Mike Kreidler, the Washington state insurance commissioner, today told Congress that the Affordable Care Act individual health insurance market system is working well in his jurisidction.
“It has had a profoundly positive impact on the state of Washington,” Kreidler testified today at a hearing on state health insurance markets organized by the Senate Committee on Homeland Security and Governmental Affairs that was streamed live on the Web.
Congressional committees that organize hearings usually have members from the majority party pick most of the witnesses and members of the minority party pick the rest.
Republicans brought in Mary Taylor, the Ohio insurance commissioner; J.P. Wieske, Wisconsin’s deputy insurance commissioner; and Nick Gerhart, Iowa’s insurance commissioner.
None of those three states has tried to set up a state-based health insurance exchange, and Iowa is the only one of the three that has taken ACA Medicaid expansion.
Washington state has set up a state-based exchange and taken Medicaid expansion money.
Iowa and Ohio are home to Consumer Operated and Oriented Plan carriers that have already failed. Ohio and Washington state are home to CO-OPs that are still in business but are struggling.
Gerhart said Iowa now has more Medicaid enrollees than it did in 2013, before the major ACA individual health insurance market changes and programs came to life, but fewer purchasers of commercial coverage.
“Significant debate remains about whether improved access could have been achieved through much more efficient market mechanisms,” Gerhart testified.
Gerhart, Taylor and Wieske said consumers are paying more in their states and getting fewer coverage choices.
Kreidler insisted that the effects of the ACA on stays that did their best to implement at it have been good for the residents of states like his.
Mike Kreidler, Washington state’s insurance commissioner, testified that the Affordable Care Act has helped lead to a sharp drop in uncompensated care. (Image: Thinkstock)
Defending the ACA
In 2013, Washington state had 11 issuers of individual health coverage. ”None of them covered maternity or covered prescription drugs,” Kreidler said.
Double-digit rate increases were common, 14 percent of the state’s 7 million residents were uninsured, and health care providers delivered 2.3 billion in uncompensated care per year, he said.
This year, the ACA coverage expansion programs has helped cut the uninsured rate to 7.3 percent and the amount of uncompensated care provided to about $1.2 billion, Kreidler said.
The state now has 13 individual health coverage issuers.
The issuers have applied to increase rates 13 percent in 2017, but that’s not surprising, given how much insurers have now learned about how the ACA works, he said.

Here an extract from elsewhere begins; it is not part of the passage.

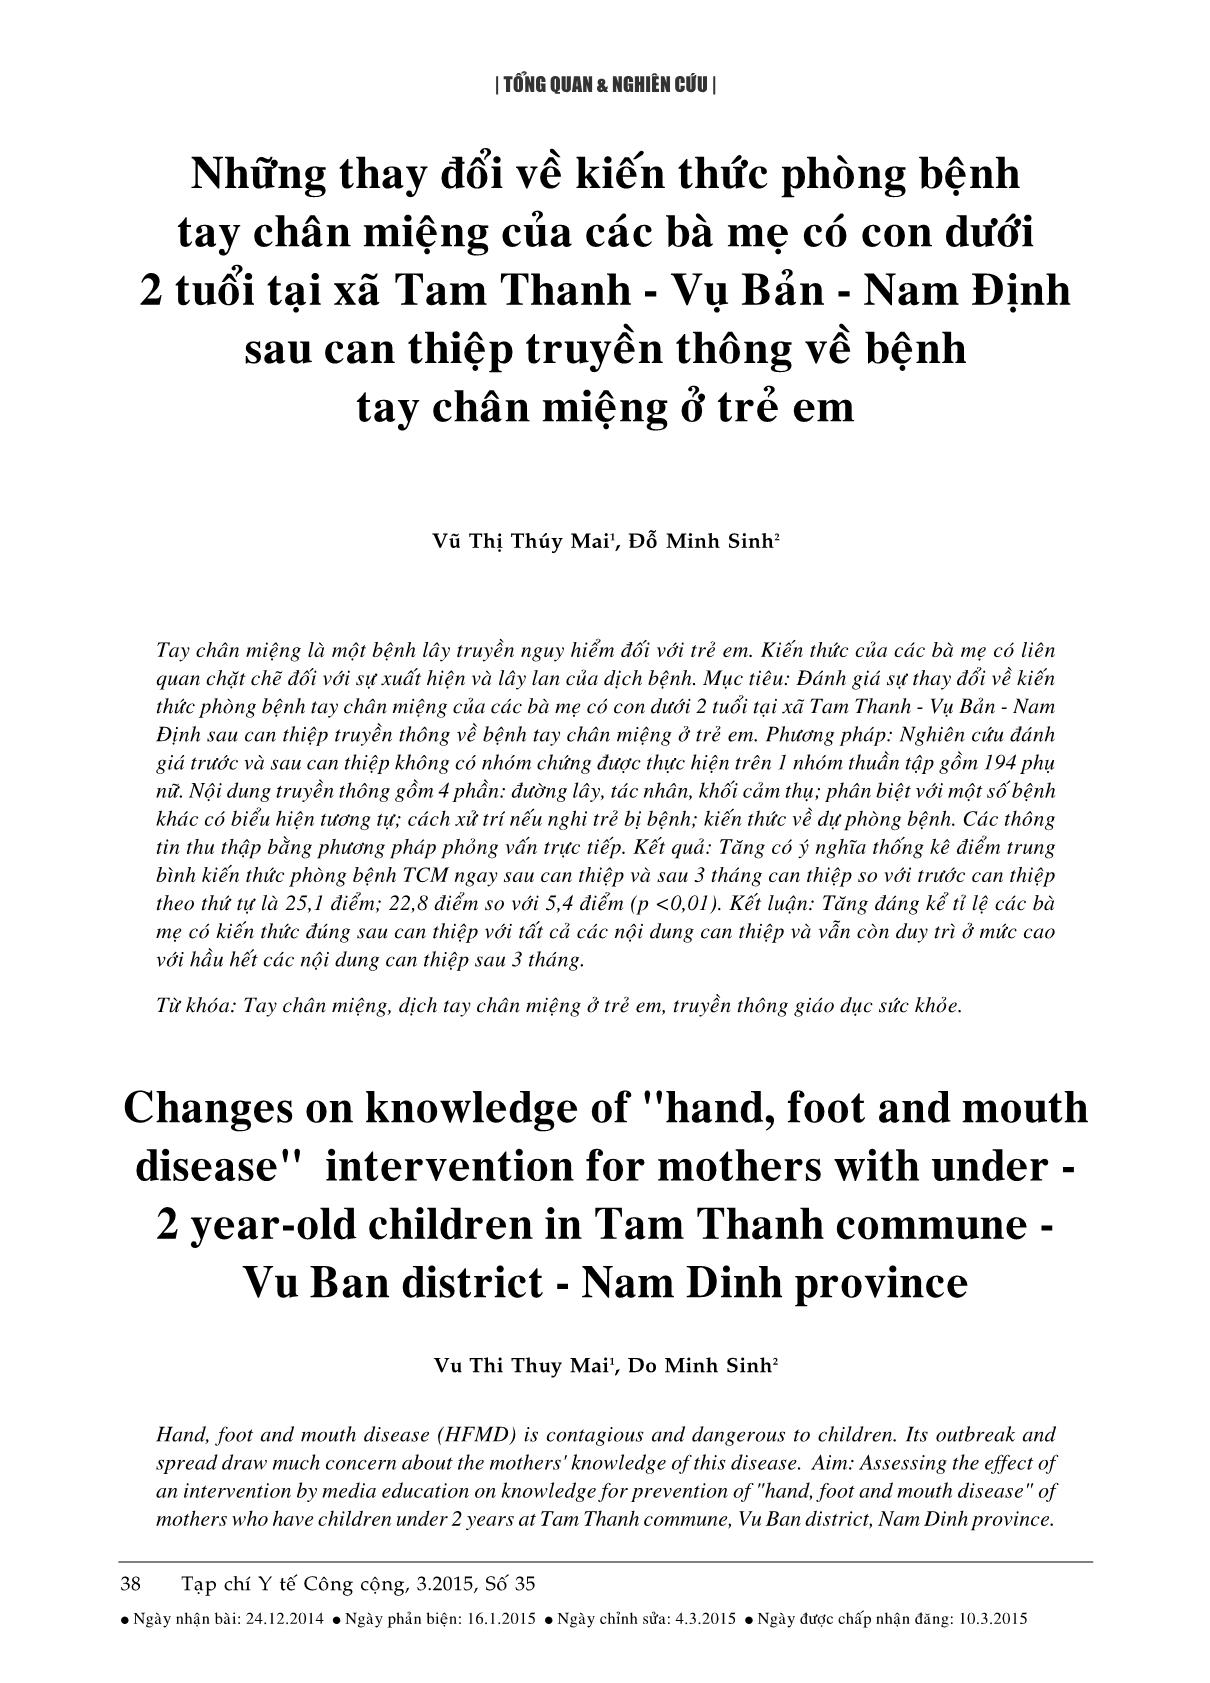 Những thay đổi về kiến thức phòng bệnh tay chân miệng của các bà mẹ có con dưới 2 tuổi tại xã Tam Thanh - Vụ Bản - Nam Định sau can thiệp truyền thông về bệnh tay chân miệng ở trẻ em trang 1

Another ACA defender, Andy Slavitt, acting director of the Centers for Medicare & Medicaid Services, testified at another hearing, which was organized by the House Energy & Commerce oversight subcommittee, that he believes the individual health market will stabilize in 2018.
Rates will rise sharply in 2017 mainly because of the end of the ACA reinsurance program, which helped individual coverage issuers against catastrophic claims, and because 2017 is the first year in which insurers have had substantial amounts of information about ACA plan enrollees to use when setting rates, Slavitt testified.
“The good news is that medical cost trends throughout the country are very low,” Slavitt said.
Because the main drivers of the 2017 rate increases are one-time events, and the underlying cost of medical care is increasing at a moderate rate, rates should stabilize in 2018, Slavitt said.